Objective: We studied phyto-compounds from Strychnos nux-vomica (a poisonous plant) against SARS-CoV-2 RNA-dependent RNA polymerase by computational methods.
Methods: Molecular docking, molecular dynamics (MD) simulation and energetics calculations were employed to elucidate the role of the phyto-compounds.
Results: Ergotamine with a binding free energy of -14.39 kcal/mol showed a promising capability in terms of binding affinity and the interaction to conserved motifs, especially the SDD signature sequence. The calculated dissociation constants for ATP, ergotamine, isosungucine and sungucine were 12 μM, 0.072 nM, 0.011 nM and 0.152 nM, respectively.

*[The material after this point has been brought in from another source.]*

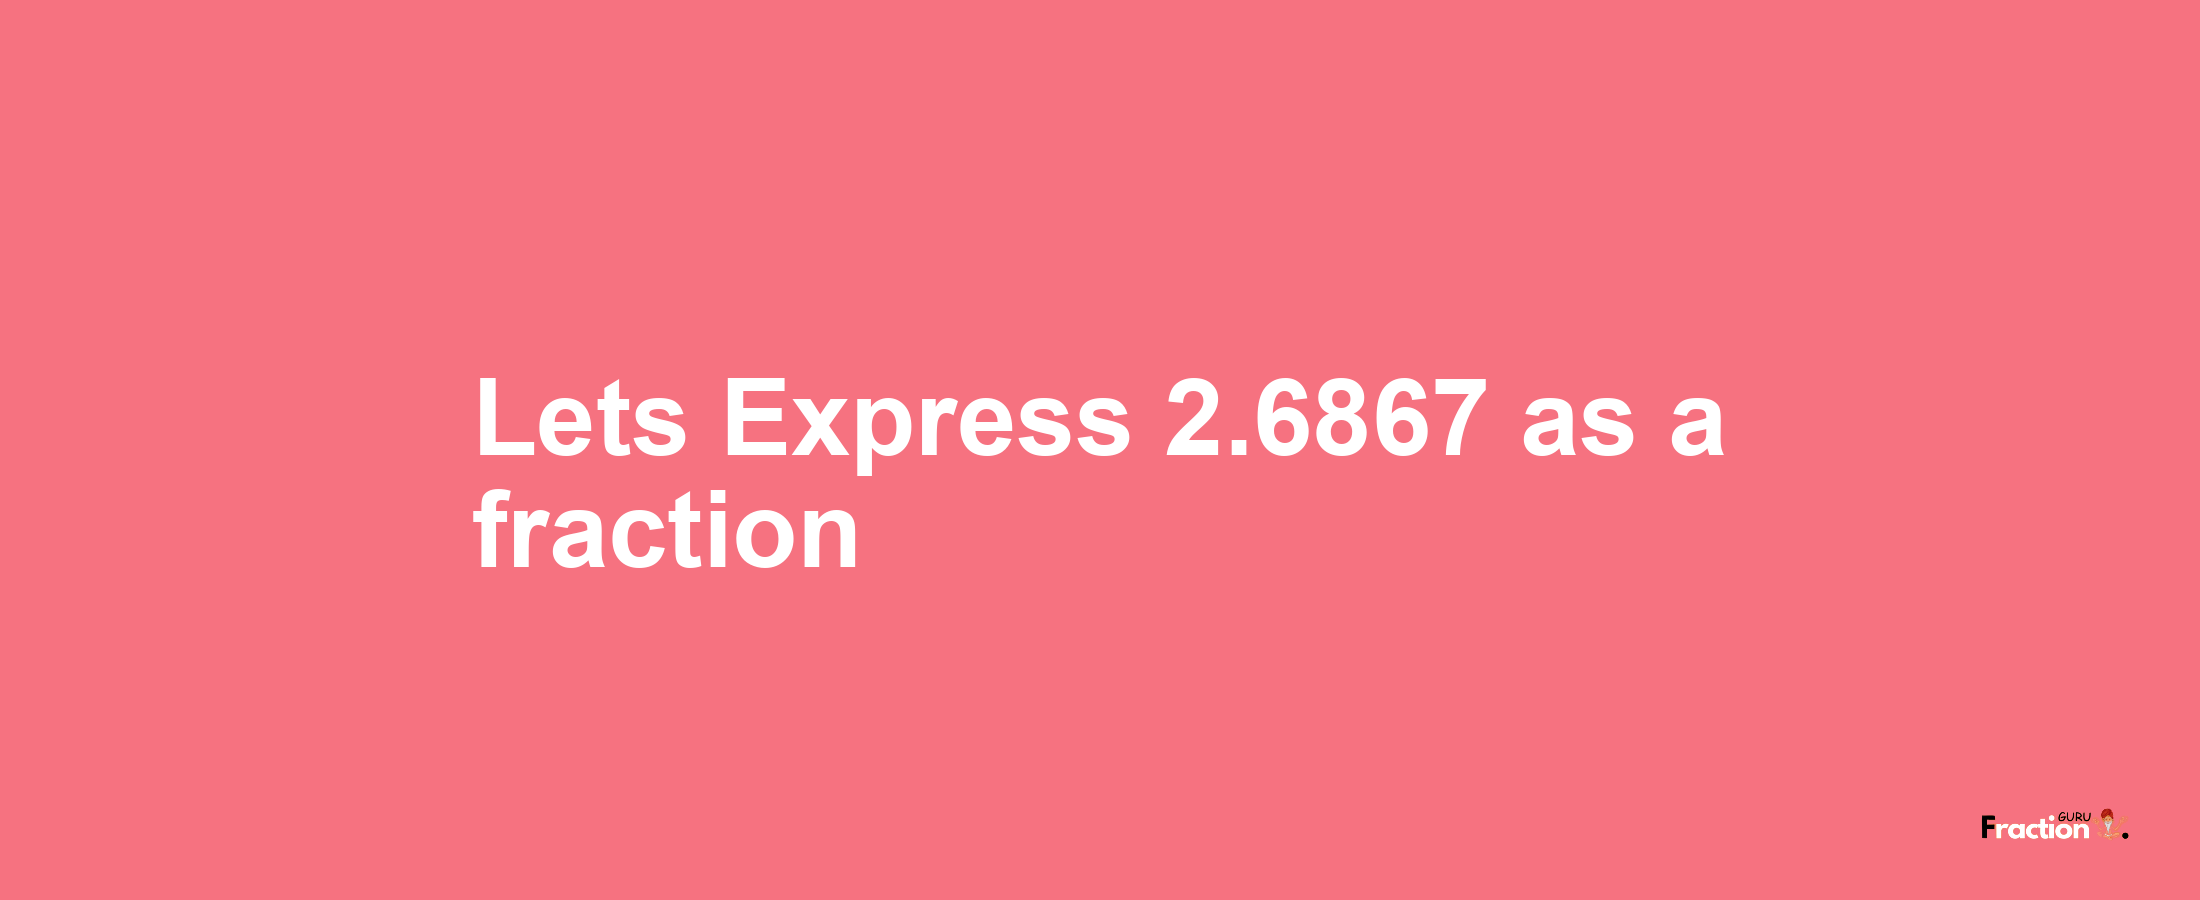 Lets Express 2.6867 as afraction

The exhibited kd by these phyto-compounds reflected tens of thousands fold potency as compared to ATP. The binding free energies of sungucine and isosungucine were much lower (-13.93 and -15.55 kcal/mol, respectively) compared to that of ATP (-6.98 kcal/mol).
Conclusion: Sharing the same binding location as that of ATP and having high binding affinities, Ergotamine, Isosungucine, Sungucine and Strychnine N-oxide could be effective in controlling the SARS-CoV-2 virus replication by blocking the ATP and inhibiting the enzyme function.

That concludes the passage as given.